After being owned by Elisabeth Murdoch and her husband from 1994 to 1995, the station was acquired by Montecito–based SJL Broadcasting in 1996. SJL moved KSBY from its original studios in a residential area on Hill Street to the present hilltop site on Calle Joaquin; the station also began broadcasting a digital signal under its ownership. Scripps acquired KSBY in 2018 from Cordillera Communications. The station has generally been the news leader in the southern Central Coast market.
On February 17, 1948, the Valley Electric Company, owner of San Luis Obispo radio station KVEC, applied to the Federal Communications Commission (FCC) for permission to build a new television station on channel 3.[3] However, the application was not acted on by October 1948, when the commission instituted a freeze on new TV station grants to sort out possible changes to television broadcast standards.[4] The freeze was lifted in April 1952;[5] Valley Electric had to modify its application to specify the newly assigned channel 6.[3]
The FCC granted the application on March 11, 1953.[3] Construction proceeded on the station, which was half-built as of August 1952—months ahead of the grant.[6] The original studios were shared with KVEC radio at Mountain View and Hill streets;[7] when the facility was constructed in 1949, space was set aside for a future TV station.[8] KVEC-TV put out its first test pattern on May 13, 1953,[9] and it aired its first regular programming on May 25.[10] This made it the first post-freeze new station in California.[11] The station was originally affiliated with the DuMont Television Network,[8] but in 1955, the station was approved to build a microwave relay to bring in ABC and CBS programs from the networks' stations in Los Angeles.[12] The DuMont network wound down operations later that year.[13][14]
In 1956, John Cohan, the lead stockholder in KSBW radio and television in Salinas, agreed to acquire the KVEC stations for $450,000.[15] KVEC-TV changed its call sign to KSBY-TV on June 14, 1957.[3] The new designation coincided in a major change for channel 6; it was now receiving its programs by microwave from KSBW-TV. While the pairing maintained studios in Salinas and San Luis Obispo, the combination was promoted as the Gold Coast Stations, and they began carrying the same mix of CBS, ABC, and NBC network programming.[16]
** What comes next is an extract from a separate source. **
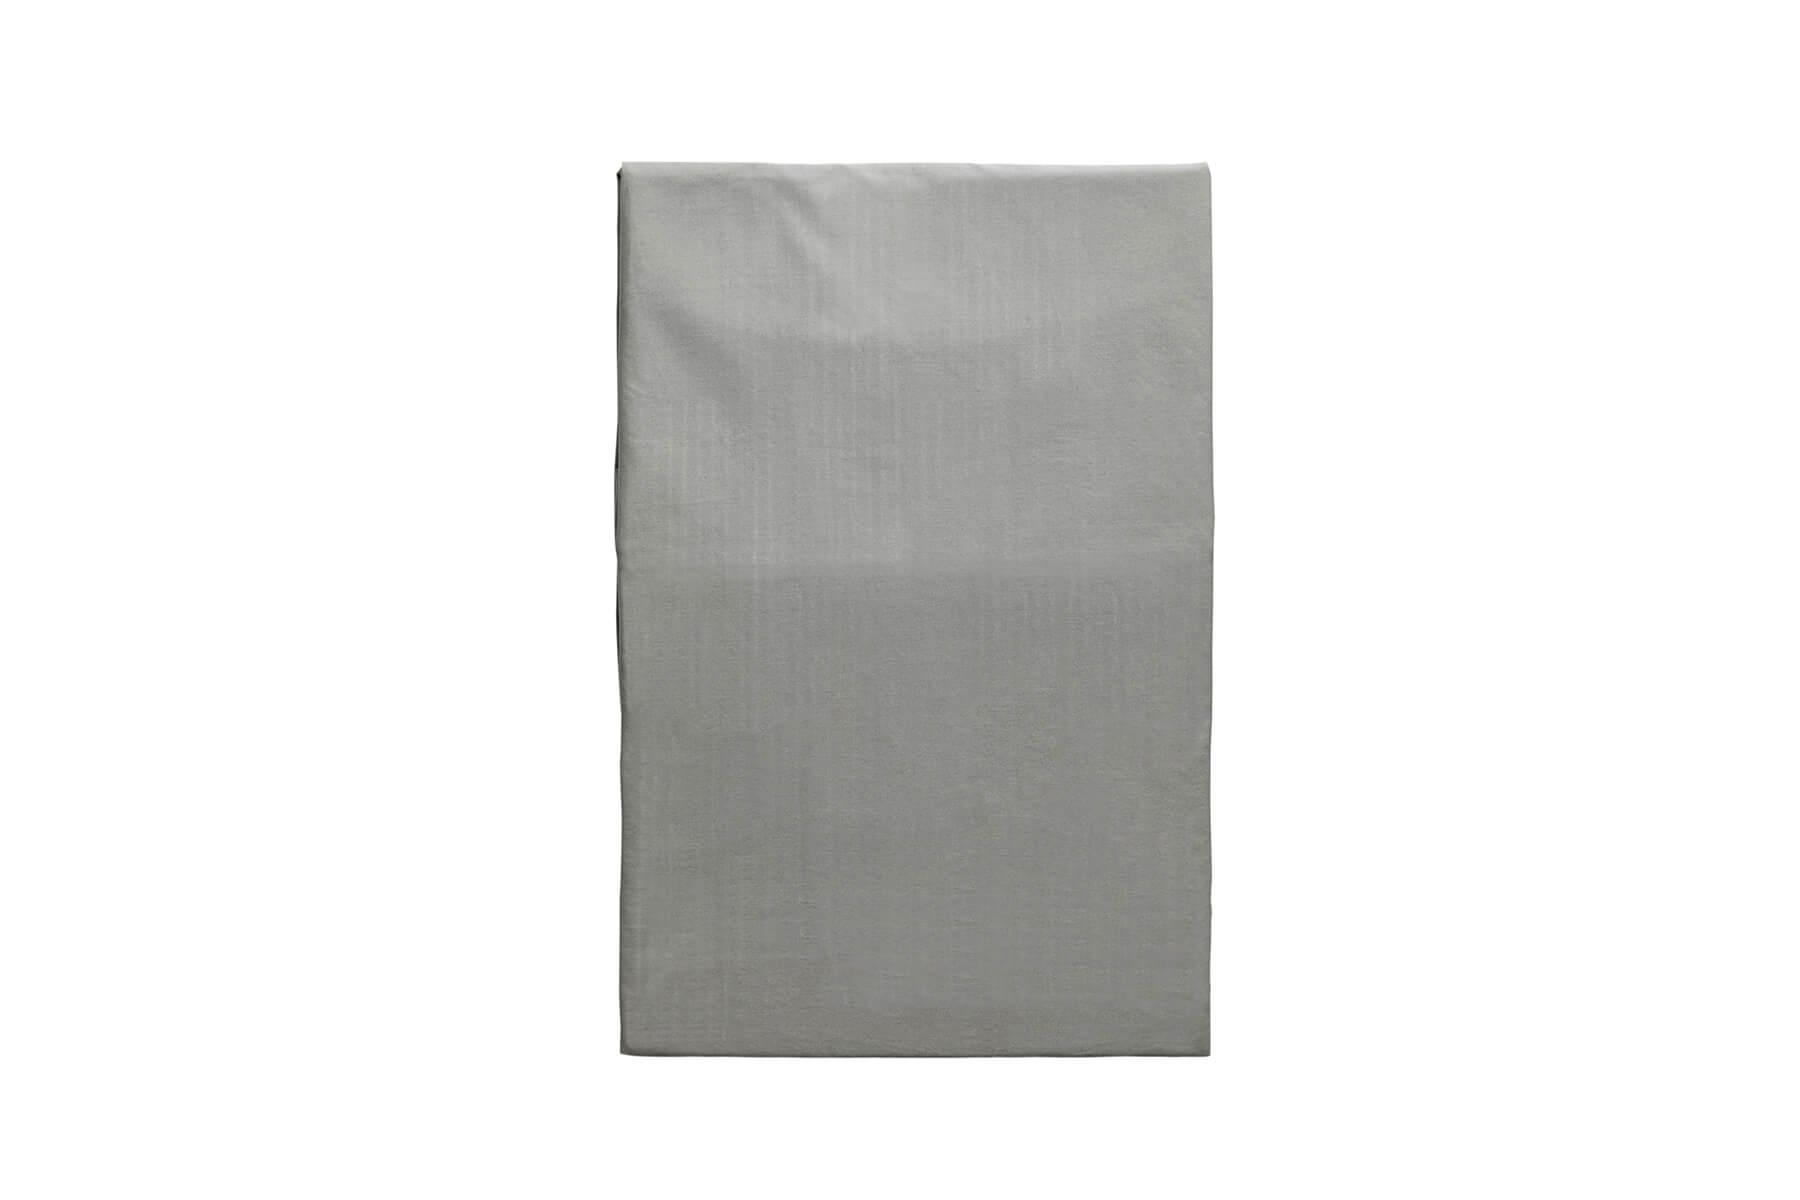 Køb Norhland kuvertlagen GrÃ¥ 90 x 200 cm
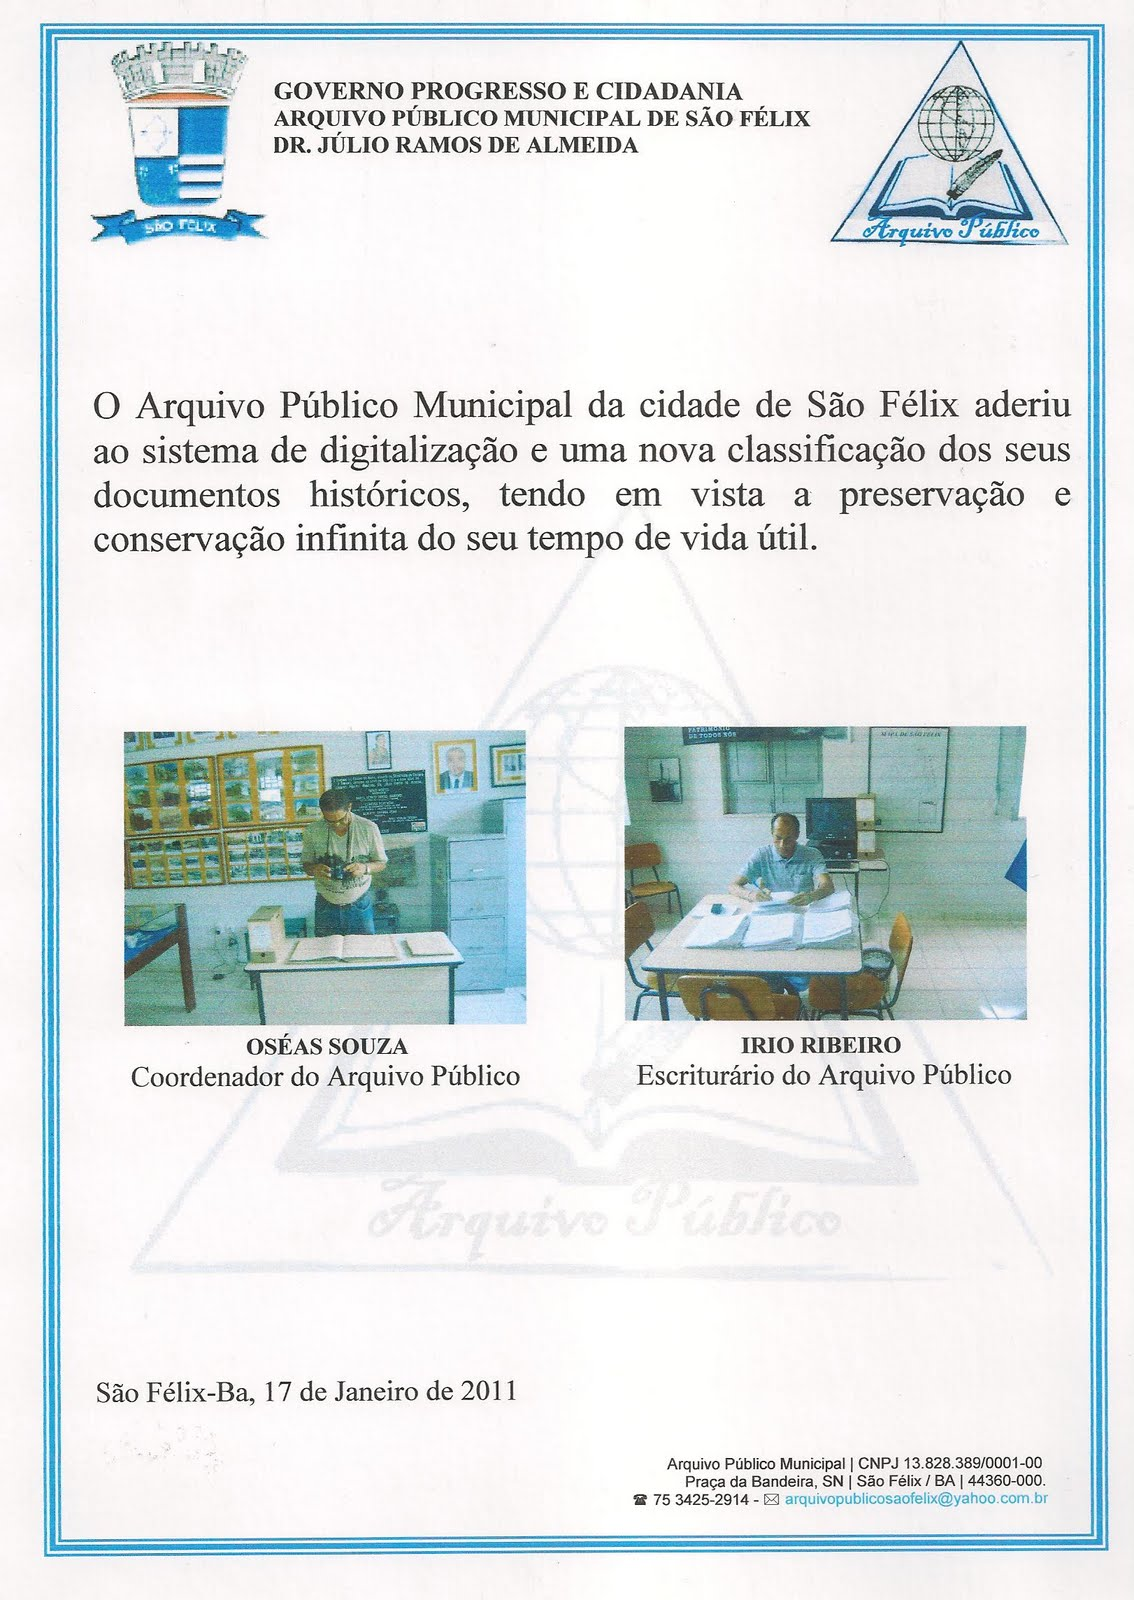 Preservação Do Património Natural: Arquivo Público Municipal: GARANTINDO A CONSERVAÇÃO E

The Salinas Valley Broadcasting Corporation, parent company of both stations as well as KSBW radio in Salinas, agreed to be purchased in 1960 by Paul Harron and Gordon Gray, who together owned radio and television properties in upstate New York.[17] The deal never materialized; instead, president and general manager John Cohan and three associates took control of the station in a transaction announced that October.[18] KSBW and KSBY were no longer ABC affiliates by 1962; in the Salinas portion of the market, KNTV in San Jose was carrying the CBS and NBC shows that could not be fit on KSBW–KSBY's schedule,[19] while KEYT in Santa Barbara became a full-time ABC affiliate in September 1963.[20] In 1964, a second station went on the air in Santa Maria: KCOY-TV (channel 12), which in 1965 sought to force KSBY to become an exclusive CBS affiliate so as to protect its NBC affiliation.[21] The opposite would take place four years later: on January 12, 1969, KSBY became a primary NBC affiliate and KCOY-TV a primary CBS affiliate.[22] The ownership consortium, later known as Central California Communications Corporation, also owned the cable systems in Salinas and San Luis Obispo.[23] The FCC ordered Central California Communications Corporation to file for operation of KSBY on a standalone, non-satellite basis in 1975, on account of its financial condition; the order stemmed from a dispute with Gill Industries, owner of KNTV, over the combination of KSBW and KSBY viewership figures for ratings purposes in the Salinas–Monterey market, where the stations' competition—KNTV and KMST in the north and KCOY-TV in the south—did not serve the same area.[24]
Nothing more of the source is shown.